*TASK INPUT*.

++++++

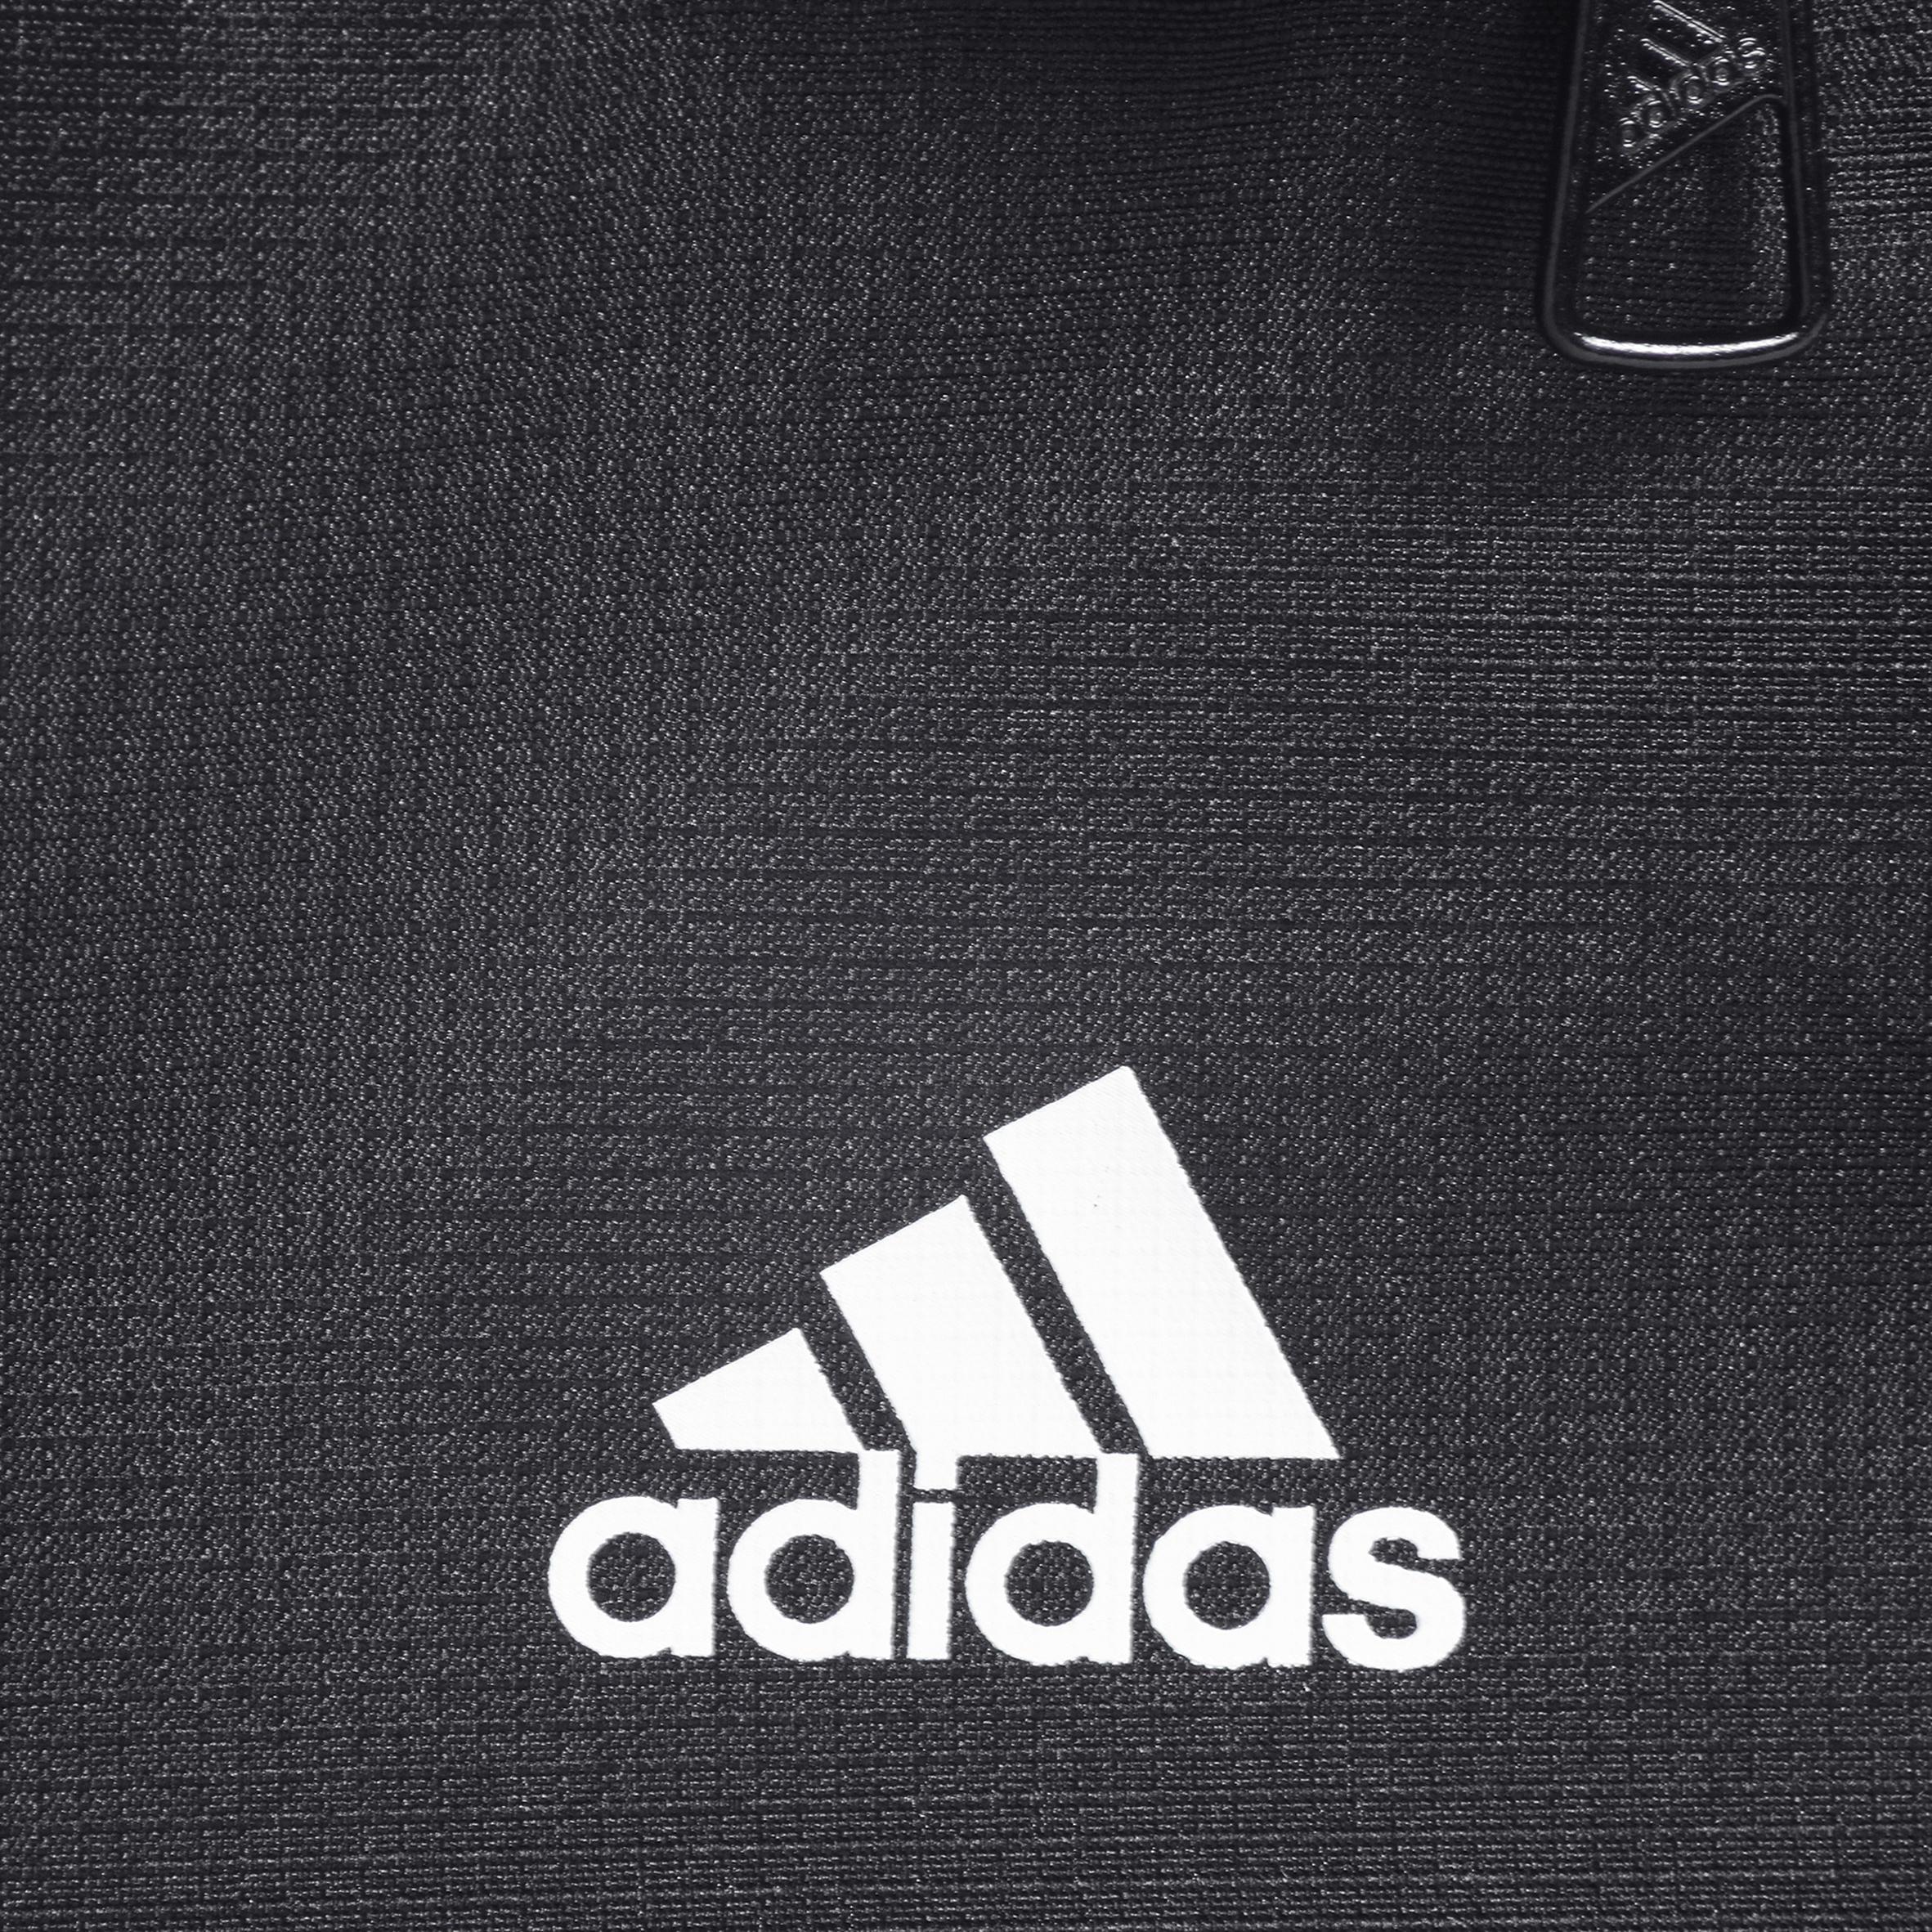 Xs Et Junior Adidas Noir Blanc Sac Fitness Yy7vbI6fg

++++++

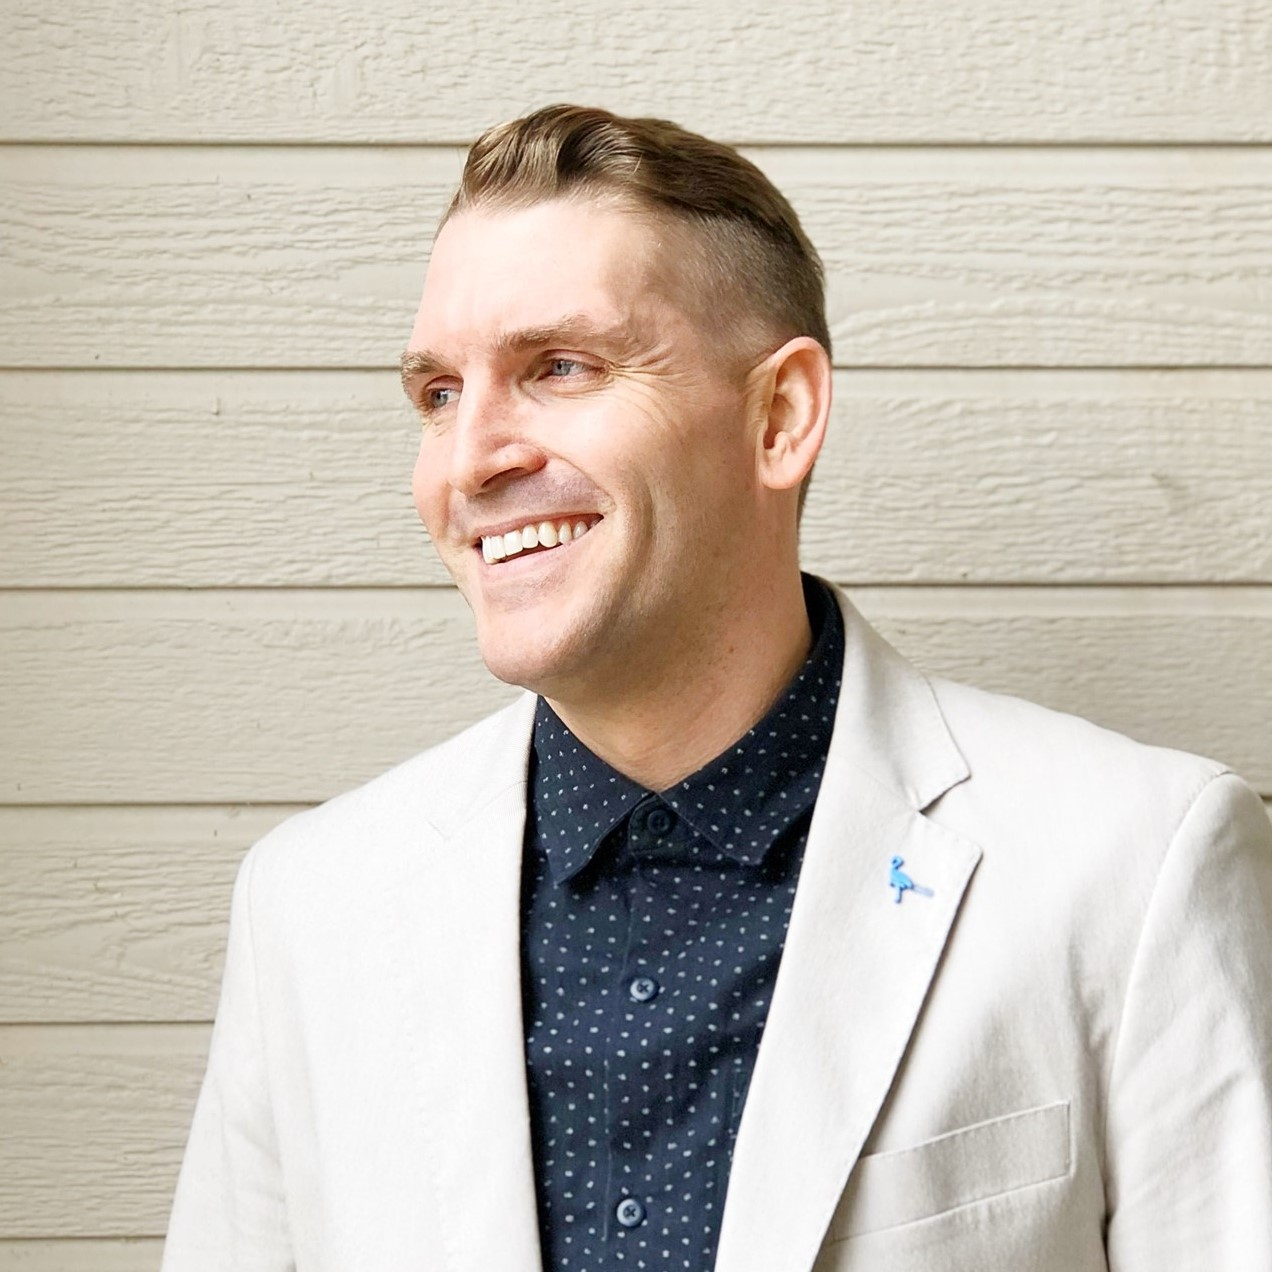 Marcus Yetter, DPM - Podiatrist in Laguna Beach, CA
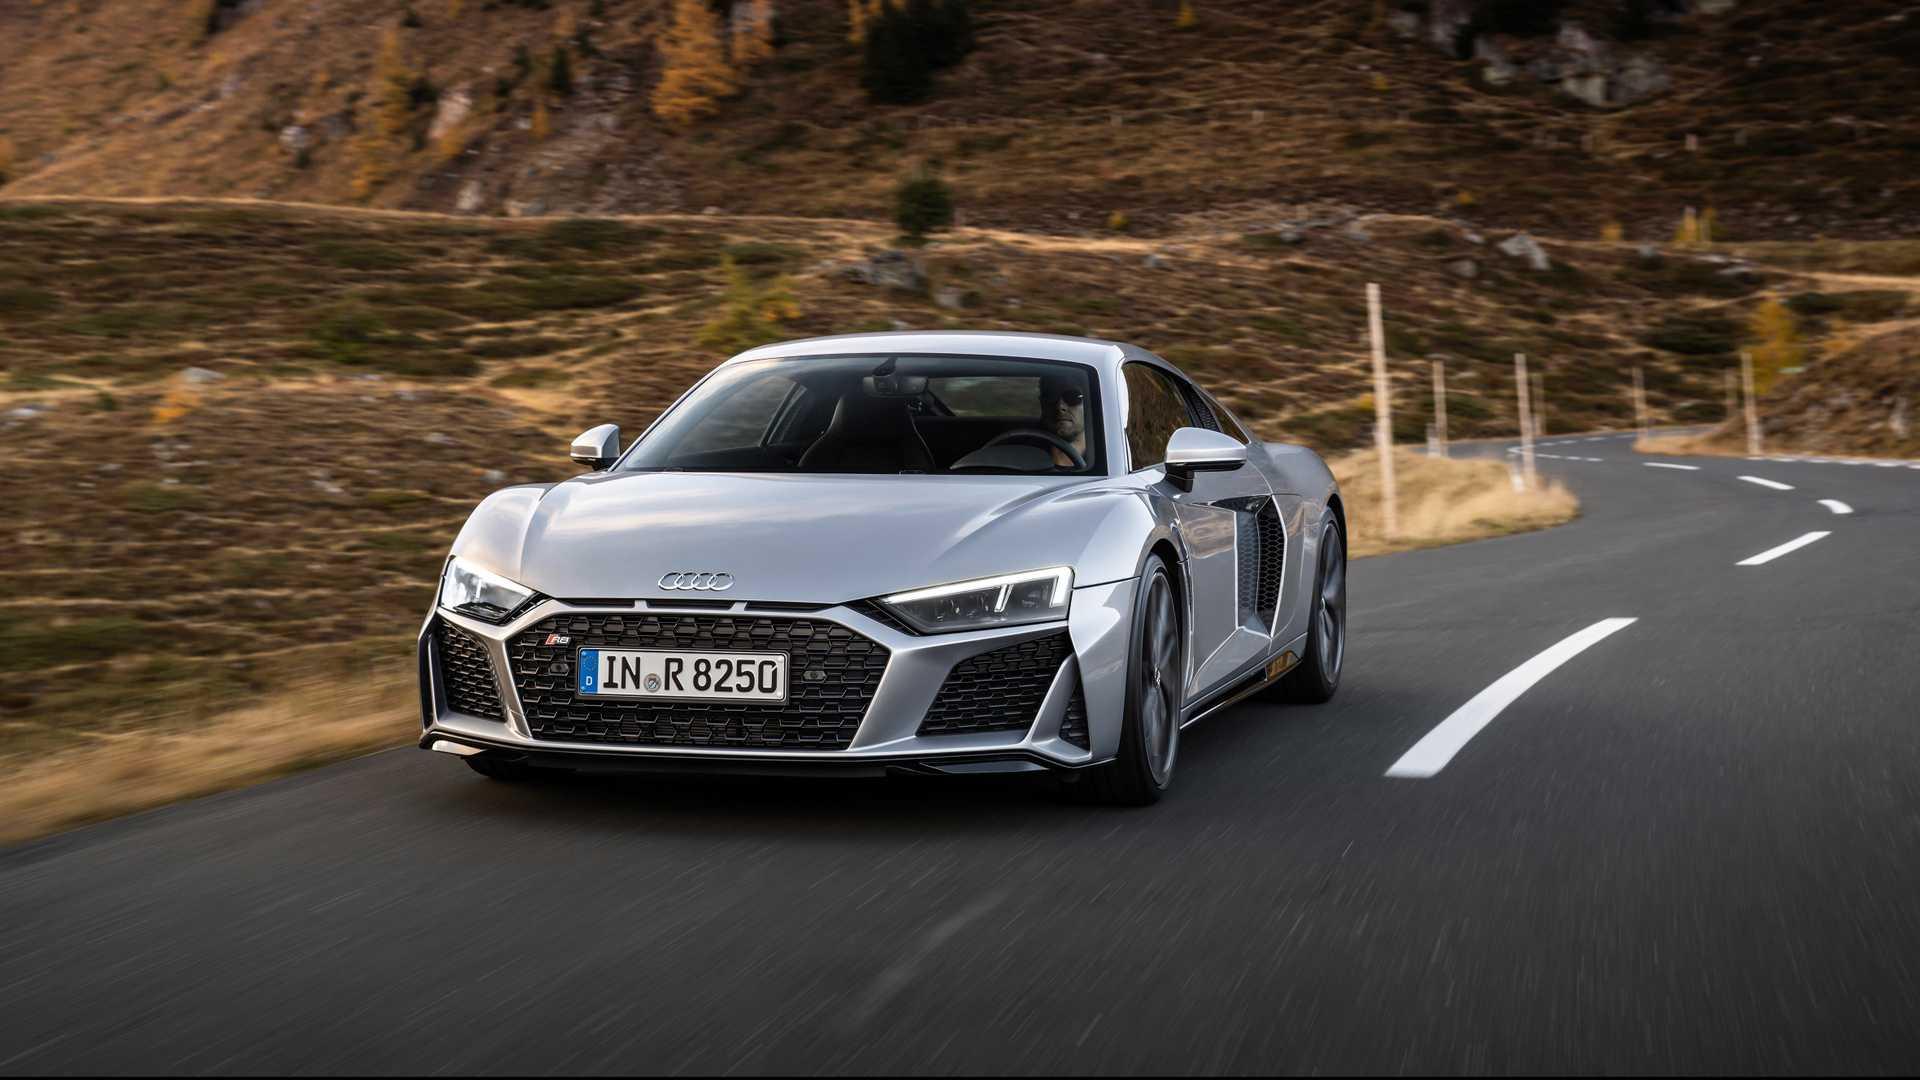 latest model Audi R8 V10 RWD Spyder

++++++

*ASSIGNMENT*. Starting with the line that has "Marcus Yetter, DPM" and going on through the line that has "latest model Audi R8 V10 RWD Spyder", transcribe the records above exactly, but skip the pictures.

*OUTPUT FOR THIS EXERCISE*.
 Marcus Yetter, DPM - Podiatrist in Laguna Beach, CA
 latest model Audi R8 V10 RWD Spyder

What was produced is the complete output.